Stronghold: 34 Spring

Sioned felt wrapped in darkness, shut away from the sun as she had been in Ianthe’s dungeon, touched with the madness of that long-ago time. Weeping had cleansed neither her eyes nor her heart; she felt sick, her eyes throbbed, her whole body ached. She wanted to crawl to her bedchamber and huddle in that darkness like a wounded animal.

She stood silently by the closed doors of the Great Hall. When Pol came into the foyer, her control wavered for a moment. Candles revealed shadows around eyes already bruised with strain.
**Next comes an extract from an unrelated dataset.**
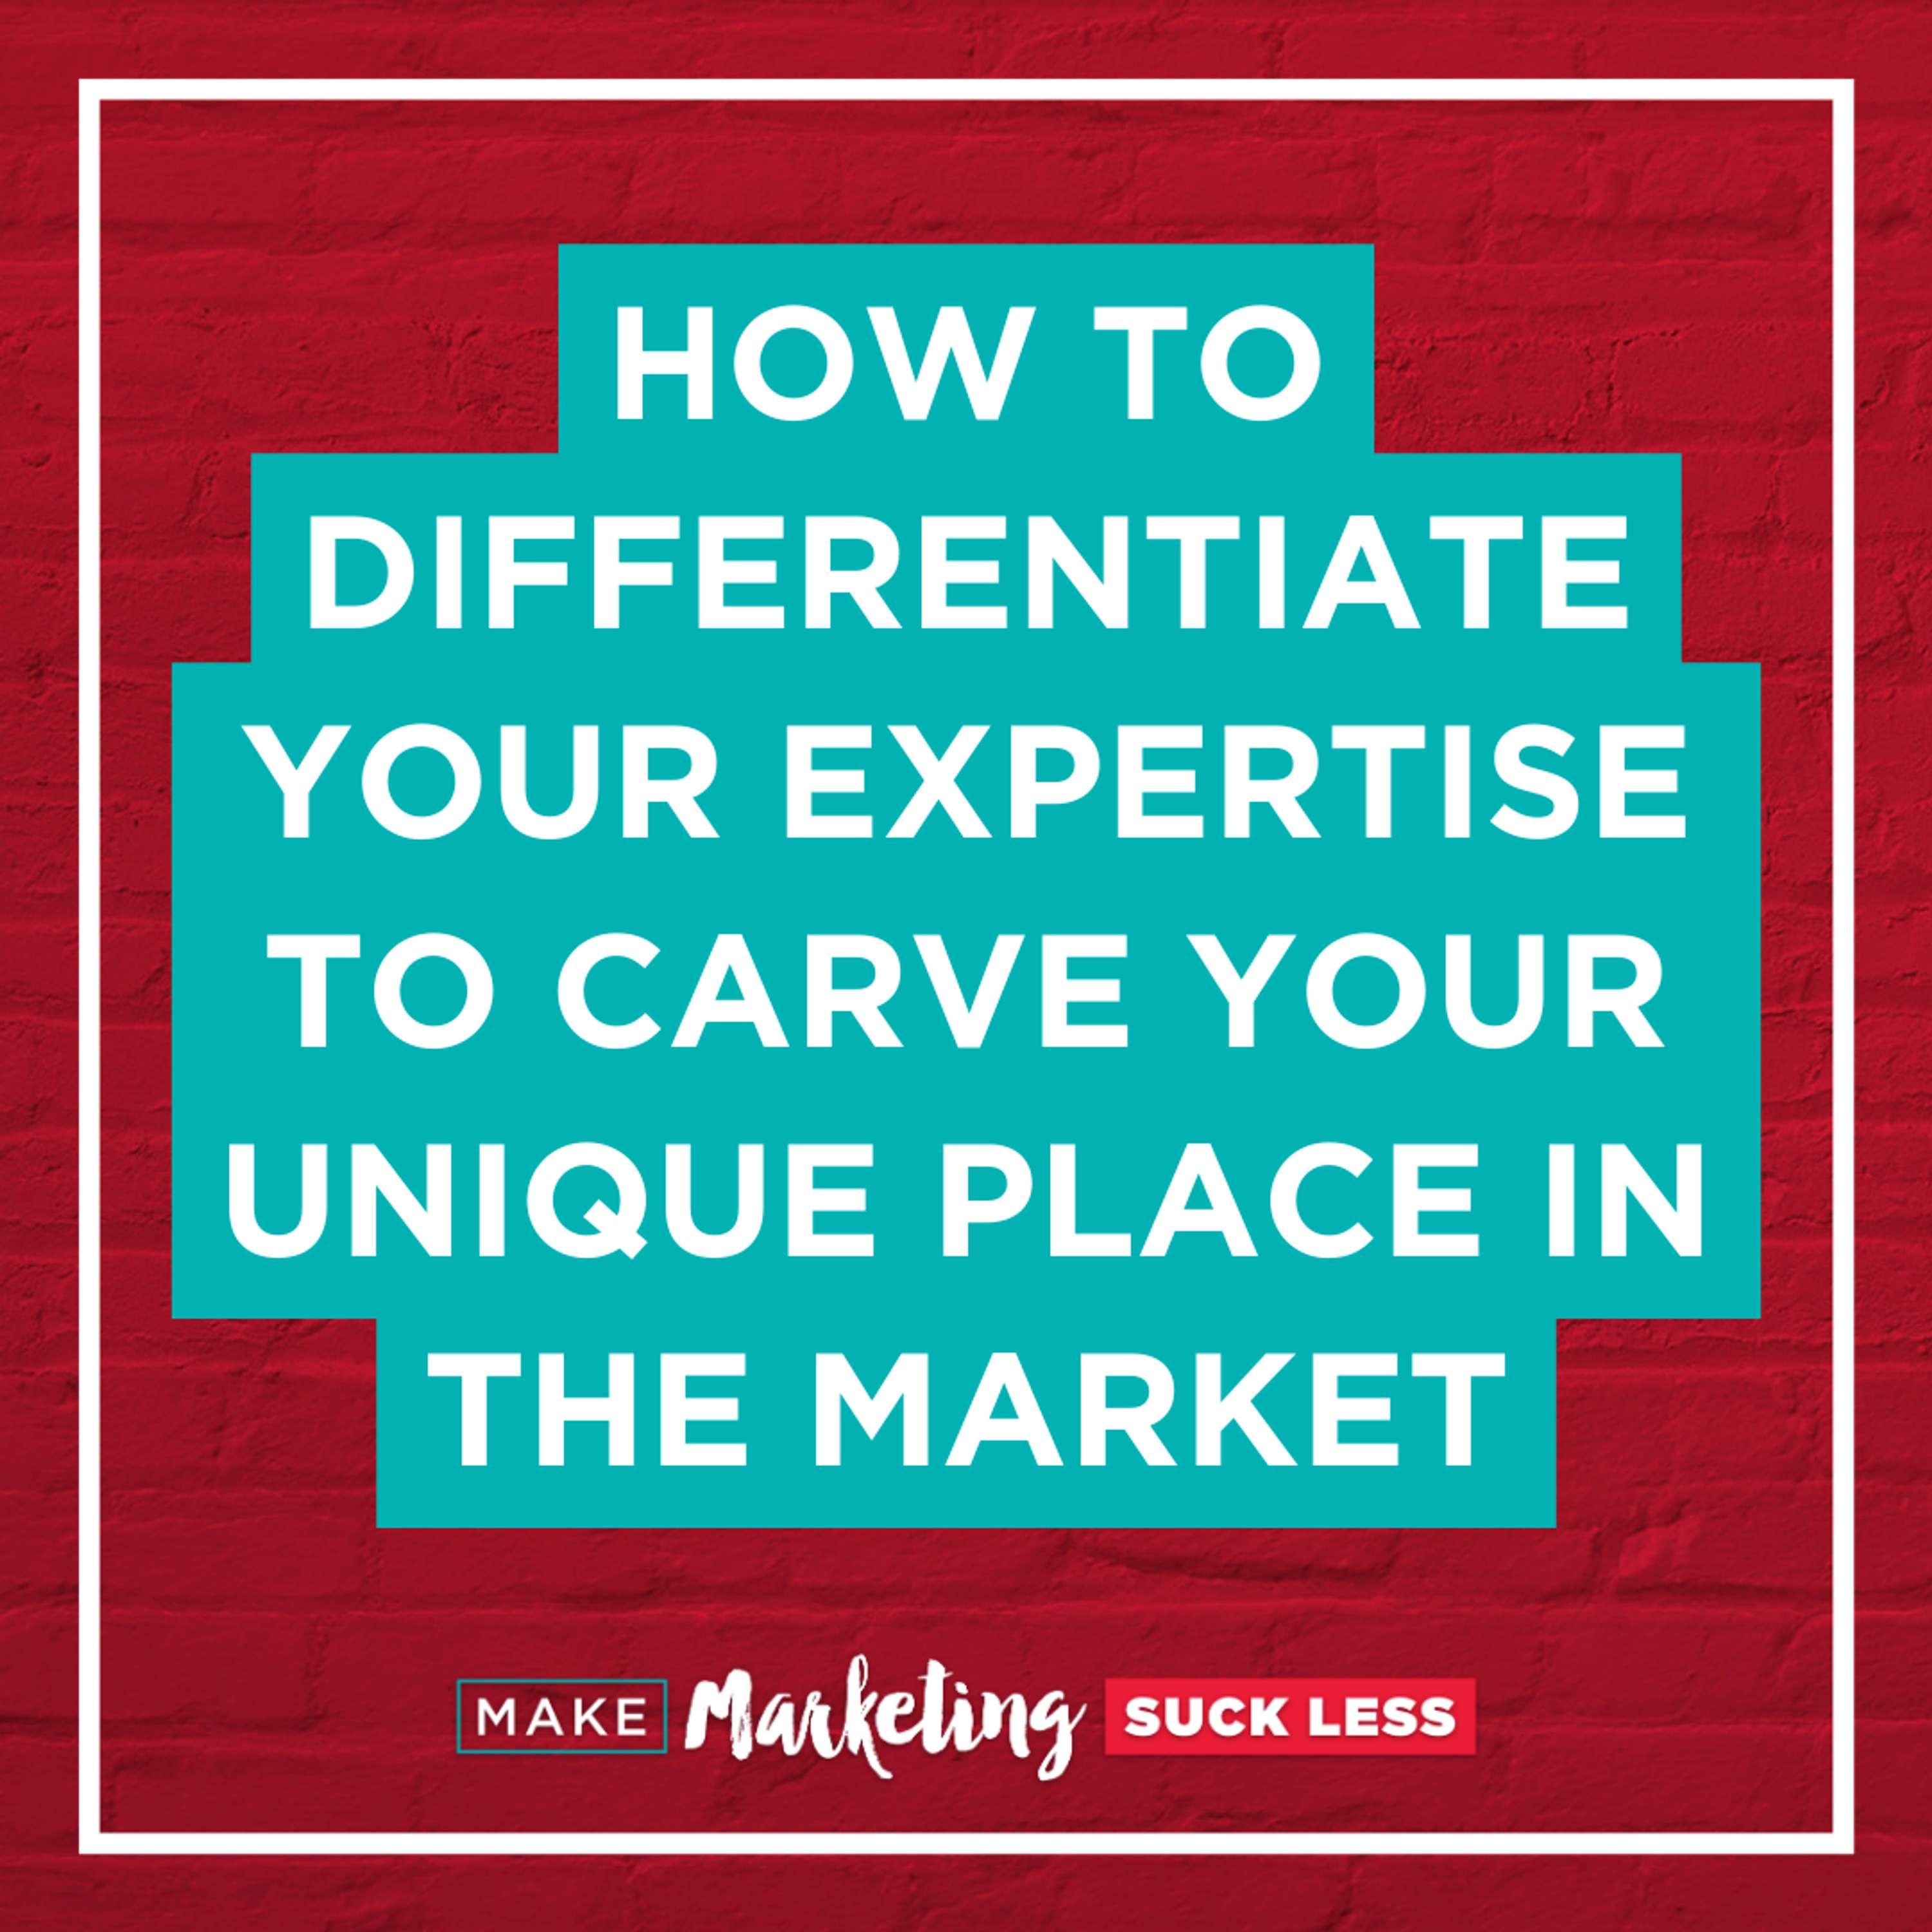 How To Differentiate Your Expertise To Carve Your Unique Place In The Market

There was darkness about him now, where before there had always been only light.

He saw her and glanced quickly away. Sioned fixed her gaze on the emerald resting heavily on her hand, remembering how she’d wrested it from Ianthe’s finger. Claimed back everything that was hers. How young she had been then, only a few years older than Pol was now, how certain of herself and her vision. But what was a wound on her shoulder seen in Fire and Water was a scar on her cheek in reality. Andrade had told her long ago that conjured visions came to pass if one worked to make them happen. The difference between what she had seen and what had occurred, symbolized by that crescent-shaped scar on her face, had never troubled her before tonight. Now it frightened her. Perhaps it meant she had been wrong to take Pol, wrong to destroy Feruche.